Tabulify supports two mode:
The fill operation is supported by the data fill command.
Let's first delete all data with the data truncate command to get a clean schema.
tabli data truncate *@sqlite
The below fill command will fill all tables with auto-generated data
tabli data fill *@sqlite
Source Target Latency (ms) Row Count Error Message
----------------------------- ----------------------------- ------------ --------- ----- -------
call_center@memgen call_center@sqlite 137 1000
catalog_page@memgen catalog_page@sqlite 48 1000
catalog_sales@memgen catalog_sales@sqlite 130 1000
customer@memgen customer@sqlite 98 1000
customer_address@memgen customer_address@sqlite 94 1000
customer_demographics@memgen customer_demographics@sqlite 62 1000
date_dim@memgen date_dim@sqlite 104 1000
household_demographics@memgen household_demographics@sqlite 32 1000
income_band@memgen income_band@sqlite 37 1000
item@memgen item@sqlite 195 1000
promotion@memgen promotion@sqlite 76 1000
ship_mode@memgen ship_mode@sqlite 45 1000
store@memgen store@sqlite 105 1000
store_sales@memgen store_sales@sqlite 100 1000
time_dim@memgen time_dim@sqlite 56 1000
warehouse@memgen warehouse@sqlite 81 1000
web_page@memgen web_page@sqlite 70 1000
web_sales@memgen web_sales@sqlite 135 1000
web_site@memgen web_site@sqlite 96 1000
The data fill command loads 1000 records for each table because this is the default value of the max-record-count option ( This option defines the number of records generated ).
By running the query 11 (of the query lesson), we don't get any data back.
tabli data print (sqlite/query_11.sql@tpcds_query)@sqlite
customer_id customer_first_name customer_last_name customer_email_address
----------- ------------------- ------------------ ----------------------
Why ? Because the query 11 is based on time data of the year 2001 and unfortunately the auto-generated data does not contain 2001 in the d_year column.
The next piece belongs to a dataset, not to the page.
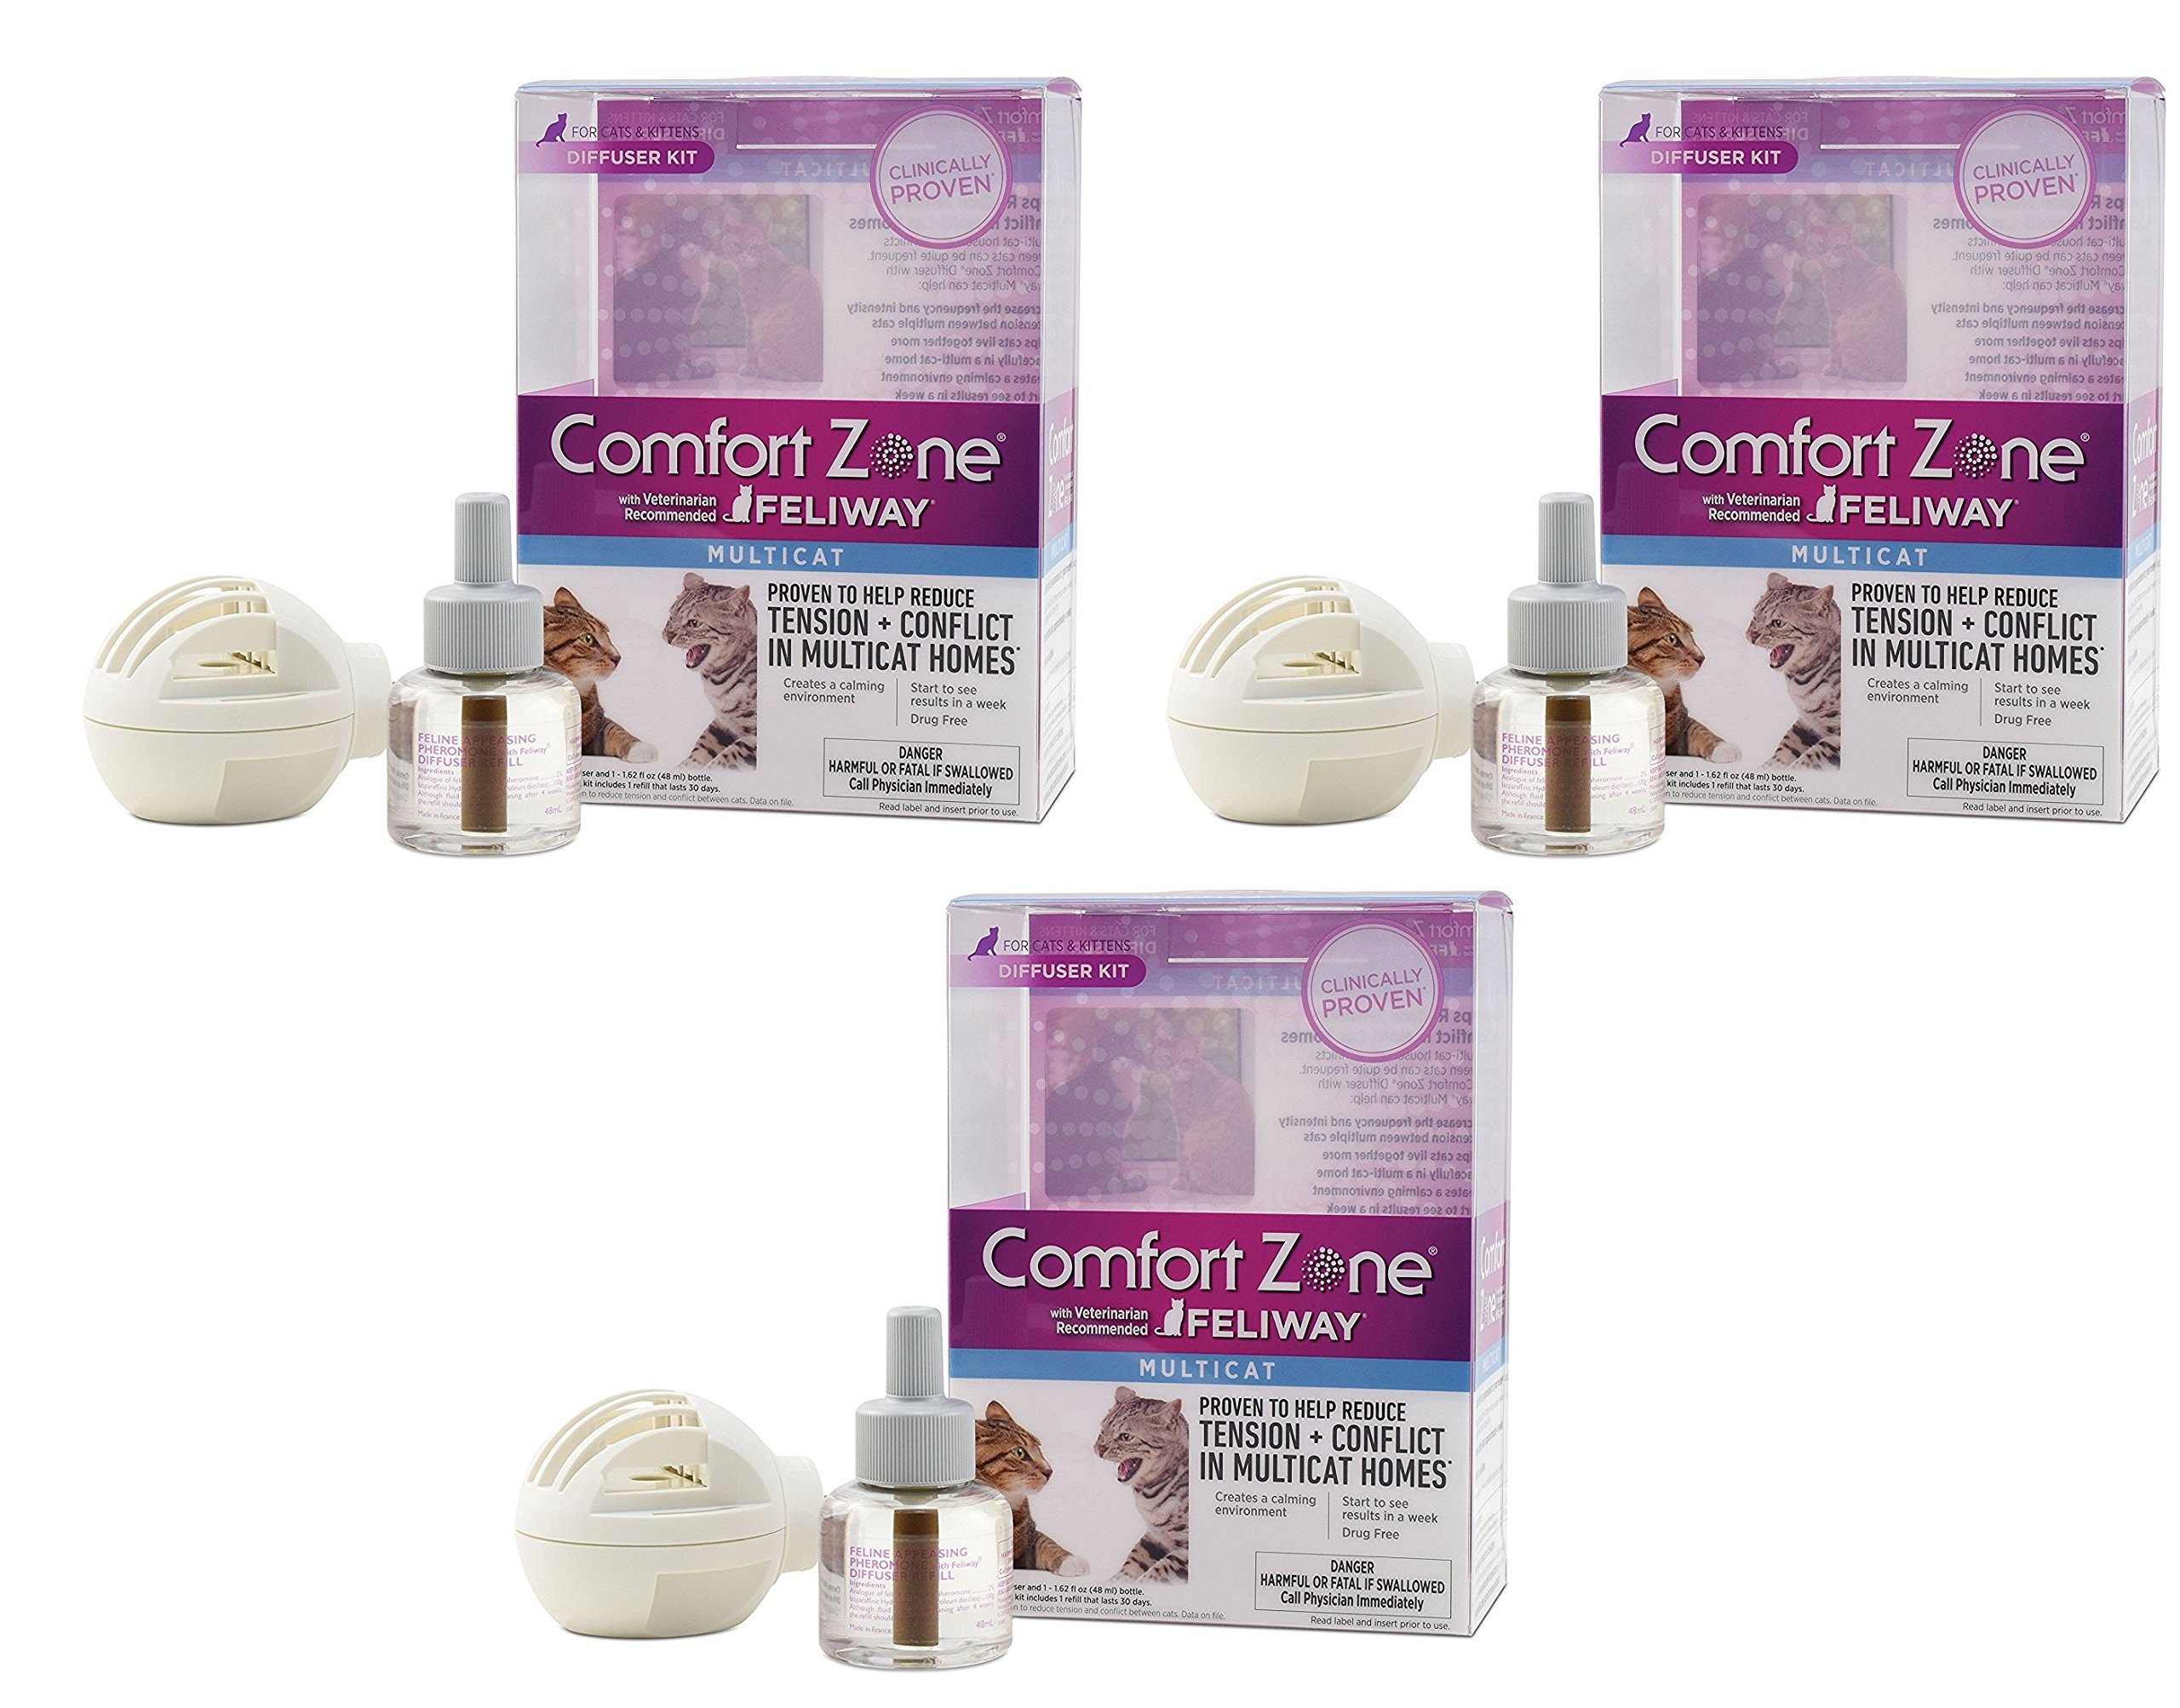 (3 Pack) Comfort Zone Feliway Multicat Diffuser and Refills
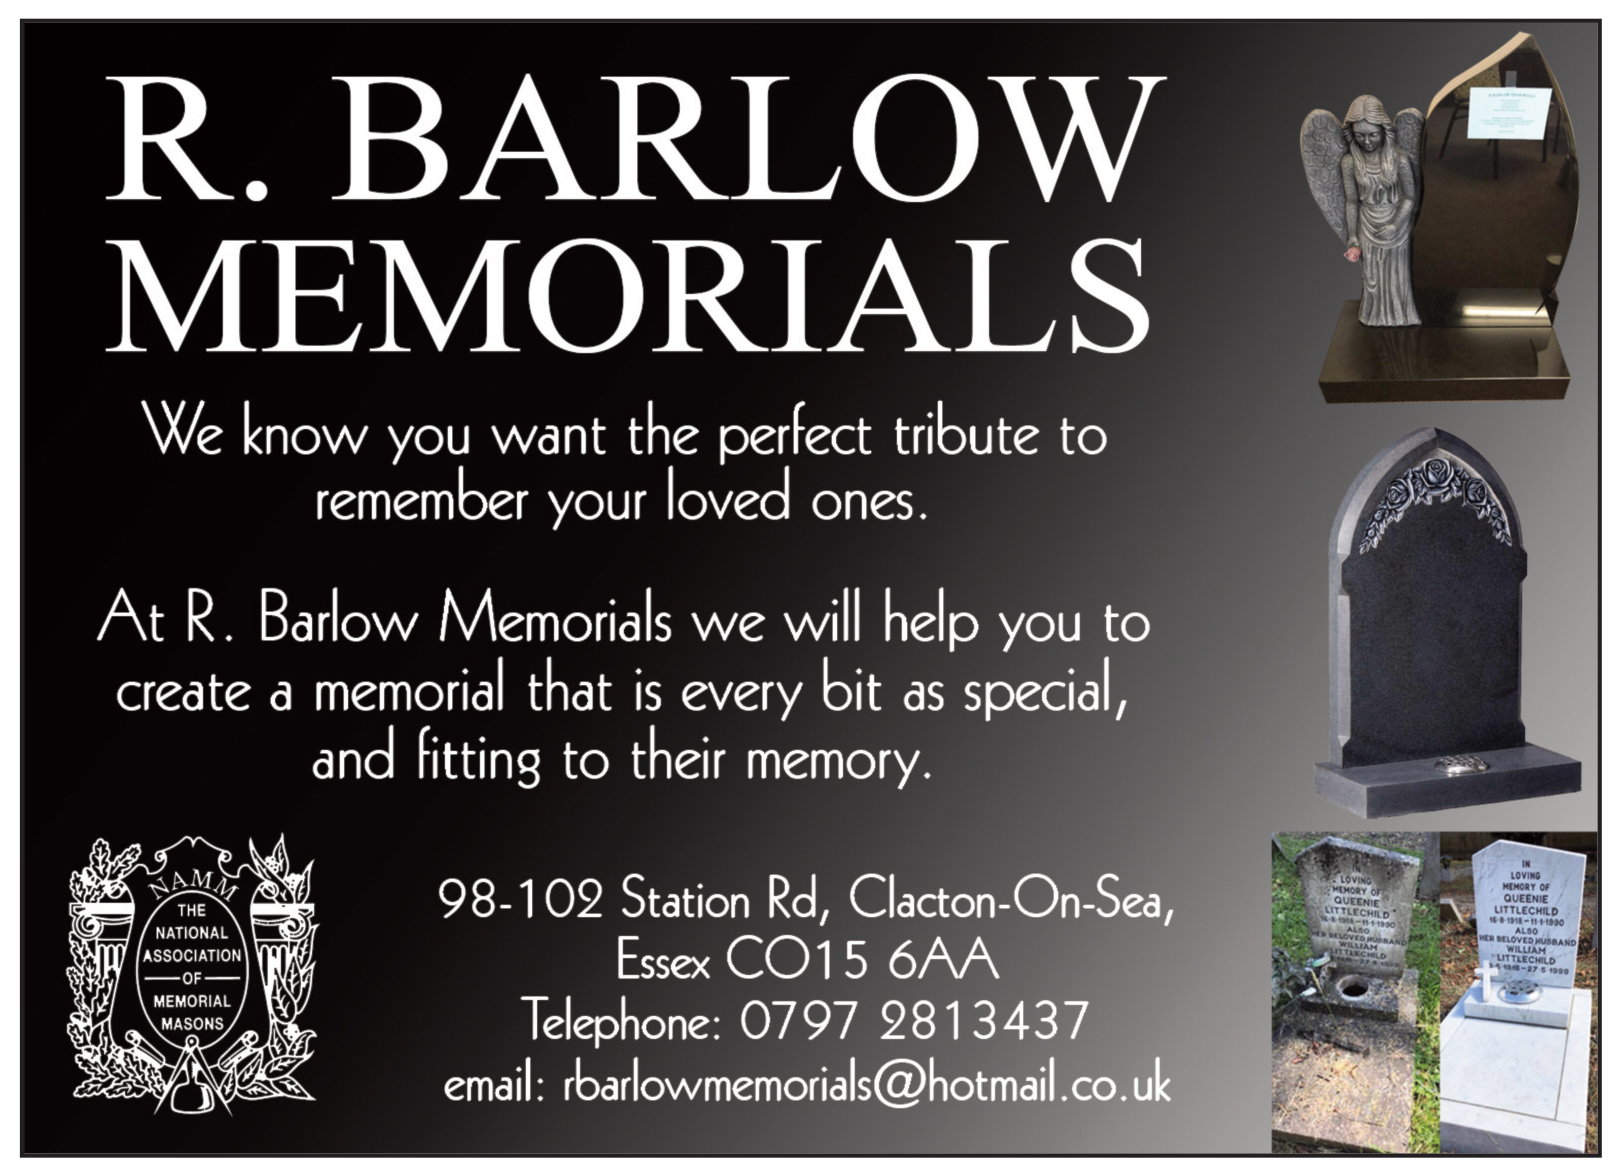 R. Barlow Memorials

tabli data head --limit 10 date_dim@sqlite
The first 10 rows of the data resource (date_dim@sqlite):
d_date_sk d_date_id d_date d_month_seq d_week_seq d_quarter_seq d_year d_dow d_moy d_dom d_qoy d_fy_year d_fy_quarter_seq d_fy_week_seq d_day_name d_quarter_name d_holiday d_weekend d_following_holiday d_first_dom d_last_dom d_same_day_ly d_same_day_lq d_current_day d_current_week d_current_month d_current_quarter d_current_year
--------- --------- ---------- ----------- ---------- ------------- ------ ----- ----- ----- ----- --------- ---------------- ------------- ---------- -------------- --------- --------- ------------------- ----------- ---------- ------------- ------------- ------------- -------------- --------------- ----------------- --------------
1 a 2020-12-06 8 7 8 3 5 8 2 2 1 3 2 j e r w q 8 4 9 0 x g b k i
2 b 2020-12-04 0 6 7 0 1 5 6 5 4 4 4 t n h t l 3 8 4 5 b j x l a
3 c 2020-12-12 5 3 1 7 9 0 0 7 9 5 9 m c c b g 1 0 7 1 o h h f a
4 d 2020-12-12 9 4 9 9 0 4 9 2 8 10 9 b l b d o 8 2 10 1 d h k n n
5 e 2020-12-02 4 8 3 6 2 2 3 8 8 8 8 i e e g k 3 1 8 0 b l w a p
6 f 2020-12-09 8 2 0 10 3 6 2 0 5 2 6 i u c i o 4 1 3 5 e q p t v
7 g 2020-12-10 5 10 10 8 6 2 1 3 10 7 2 e o h h a 9 5 8 8 q p k n f
8 h 2020-12-06 1 6 10 7 7 5 5 2 1 10 1 t w f o k 10 10 4 4 y j m j h
9 i 2020-12-06 6 2 8 1 5 1 5 3 6 9 10 s q l v d 6 5 0 6 o f v n x
10 j 2020-12-03 6 8 6 8 6 0 3 7 9 6 2 v s w o a 1 10 1 6 w n v x q
To update the column dyear with data from the year 2001, we will use a generator in the next section.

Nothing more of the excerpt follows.